Temporal’s durability comes from its event sourcing architecture. Every decision the workflow makes (starting an activity, receiving a signal, completing, failing) is recorded as an event in a history. When a workflow worker restarts or crashes, Temporal replays these events from the history to reconstruct the workflow’s state. This means your workflow logic never loses its place. You don’t need to manually manage state persistence or checkpointing. The workflow is the state, and Temporal ensures its perfect replay.
The workflow.ExecuteActivity call isn’t just an RPC. Temporal schedules the activity, tracks its execution, and handles retries based on configured policies. The Get method on the activity future blocks the workflow logic until the activity completes, fails, or times out. Crucially, this "blocking" is cooperative. Temporal records "workflow is waiting for activity X" in the event history. If the worker processing this workflow crashes, another worker can pick up the workflow, replay the history, see that it was waiting for activity X, and schedule it again.
The workflow.Context is key. It has a timeout and can be cancelled. If the workflow context is cancelled (e.g., due to an external signal or a parent workflow completing), any activities or timers running within that context will also be cancelled. This is how you signal to the workflow that it should stop or change course, allowing for dynamic adjustments to long-running processes.
The workflow.ExecuteActivity function, when called within a workflow, actually just records an ActivityScheduled event in the workflow’s history. The Temporal server then dispatches this activity to an activity worker. The activity worker executes the actual business logic. The result of the activity is sent back to the Temporal server, which records an ActivityCompleted or ActivityFailed event in the history. The workflow code then resumes from its Get call, reading the result from the history. This decoupling is what makes Temporal so resilient.
The duration of workflow.NewContext (e.g., workflow.NewContext(ctx, workflow.StandardOptions{StartToCloseTimeout: 24 * time.Hour})) is not a hard deadline for the entire workflow execution, but rather a maximum duration for a single execution path within that specific context. If an activity takes longer than its own StartToCloseTimeout, the activity itself will time out, and the workflow will execute its compensation logic. The overall workflow can continue running indefinitely as long as its activities complete within their own timeouts and the workflow context itself isn’t explicitly cancelled or timed out.
The true power is that Temporal guarantees that your workflow code will execute exactly as written, even across worker restarts, network failures, and machine crashes.
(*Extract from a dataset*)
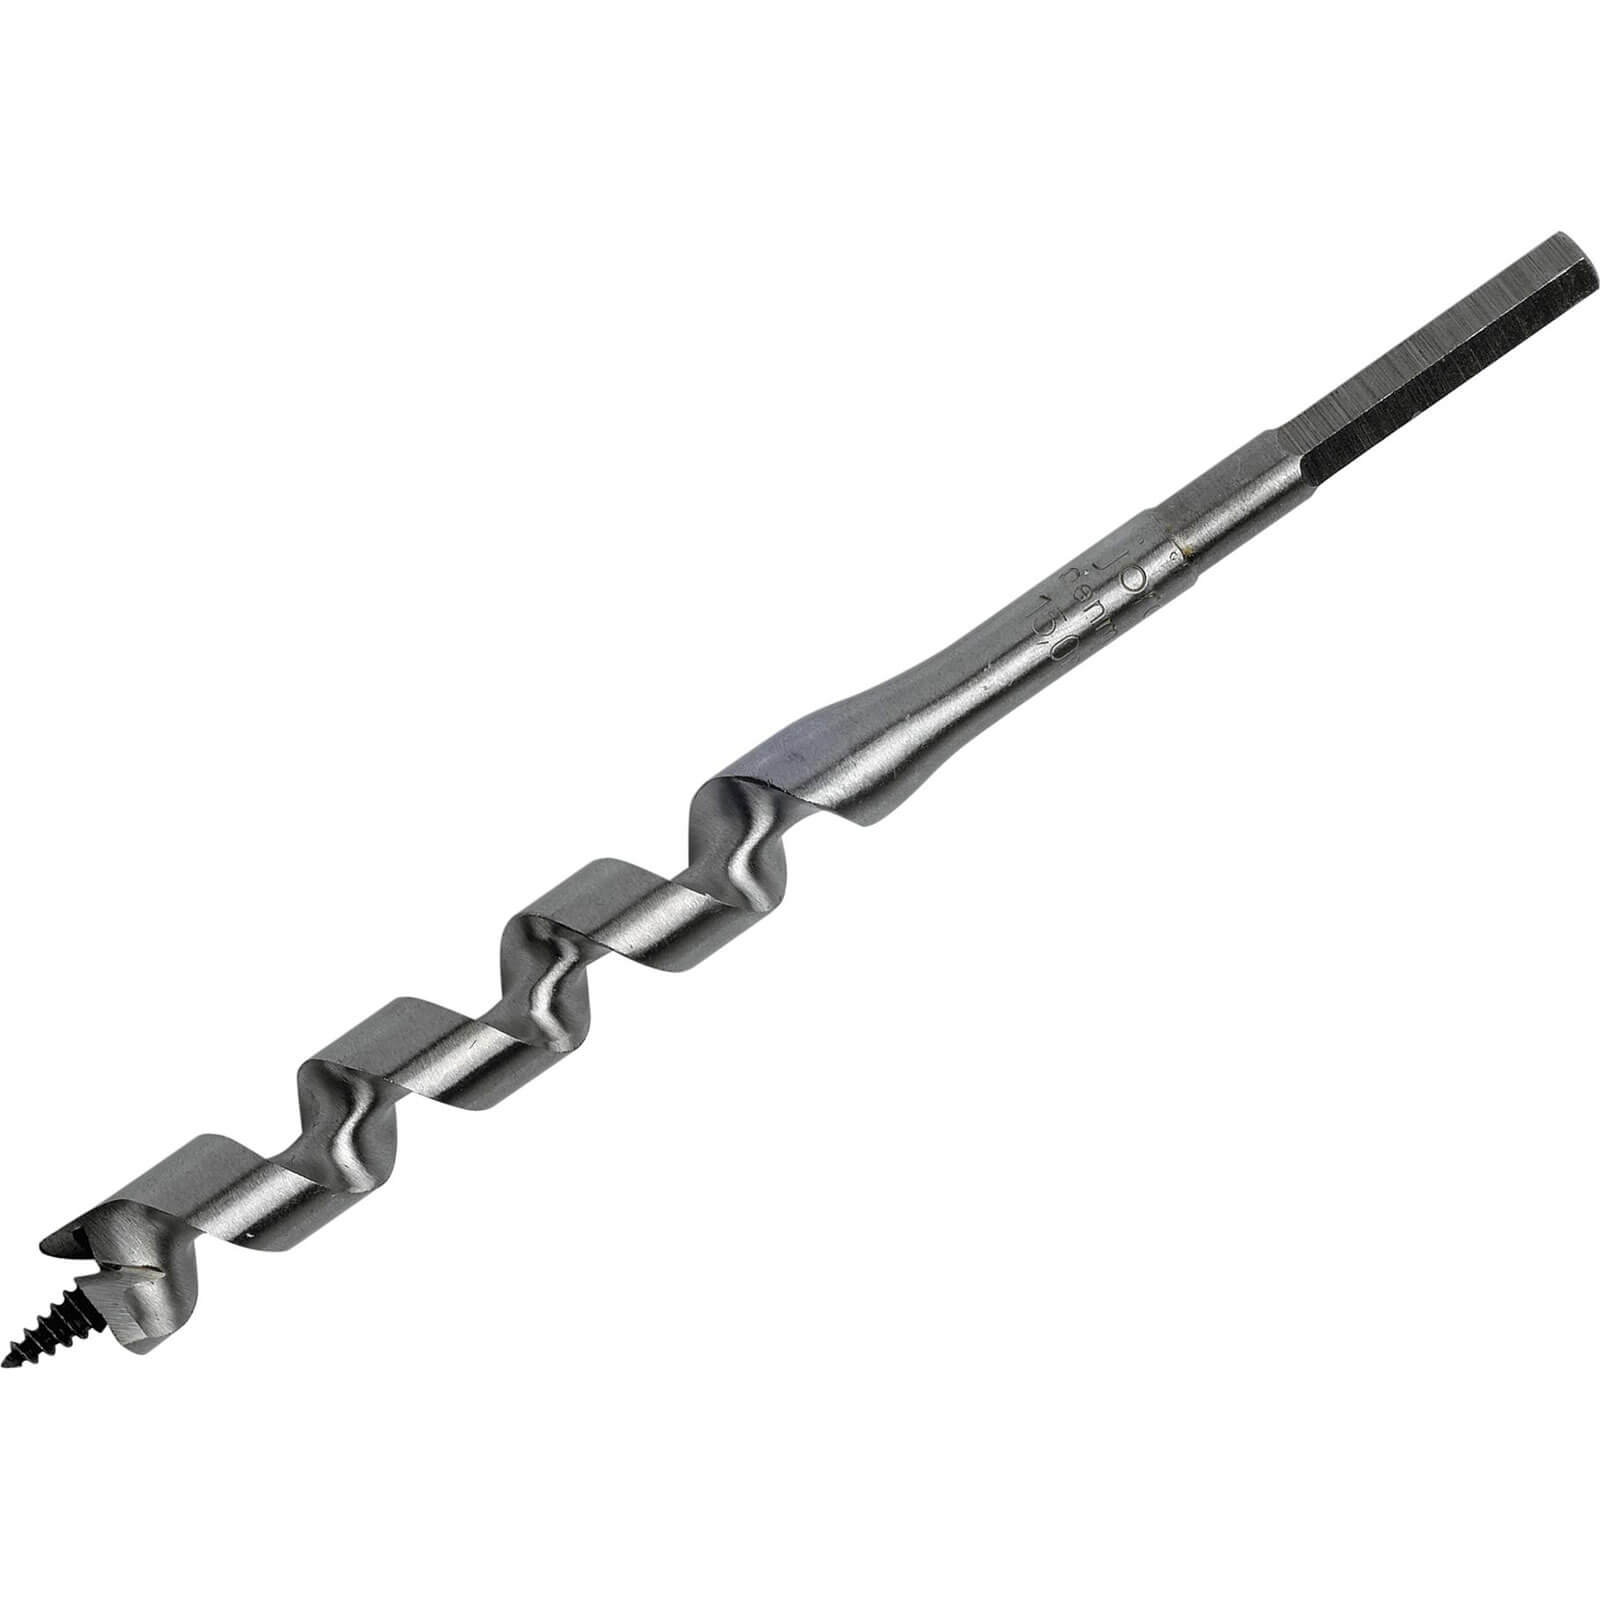 Image of Irwin Wood Auger Drill Bit 12mm 400mm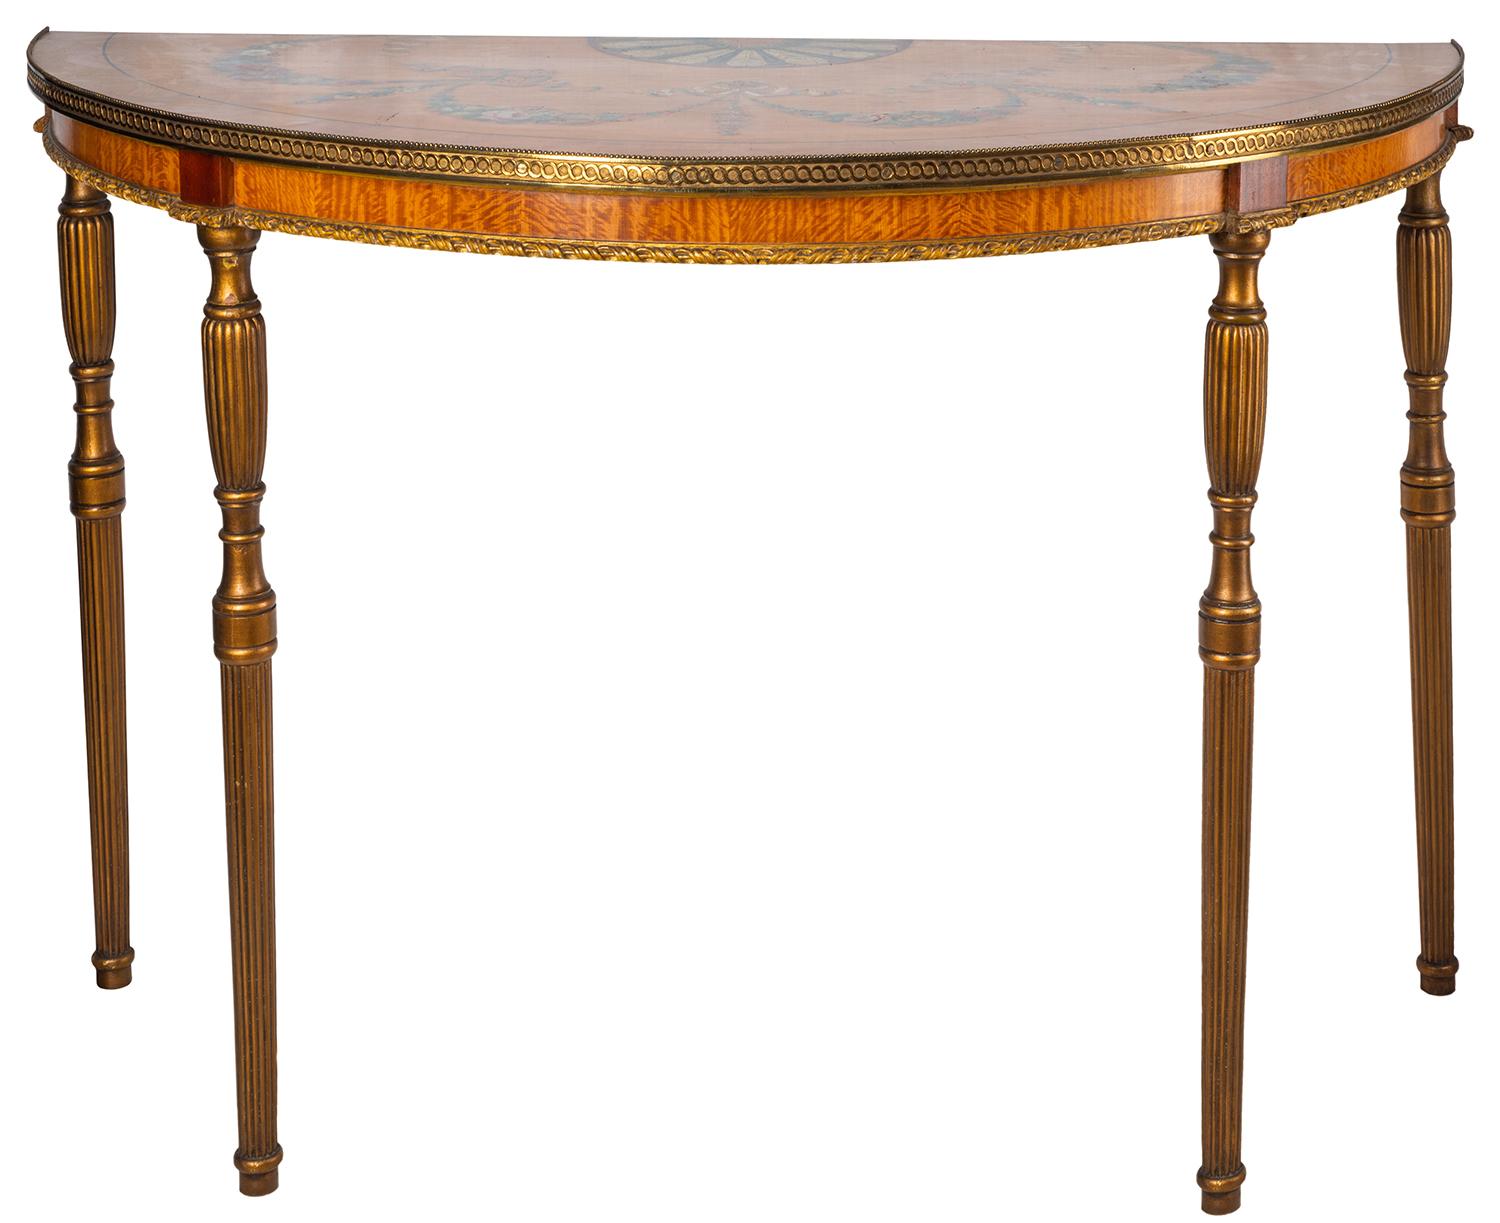 An beautiful pair of 18th century style Sheraton revival satinwood demilune side tables, each with wonderful hand painted floral swag, feather and ribbon decoration to the top, gilded ormolu moldings to the top and frieze, raised on turned tapering,

It achieves this by replaying the workflow’s history. If a worker crashes mid-activity, Temporal will reschedule that activity on another worker. If the workflow logic itself has a bug that causes it to fail, Temporal will keep retrying based on your workflow’s retry policy, and if the bug is fixed, the workflow will resume from its last stable state.
The next step you’ll likely encounter is handling external events that influence your workflow, like a customer calling support to change an order, which would involve using workflow signals.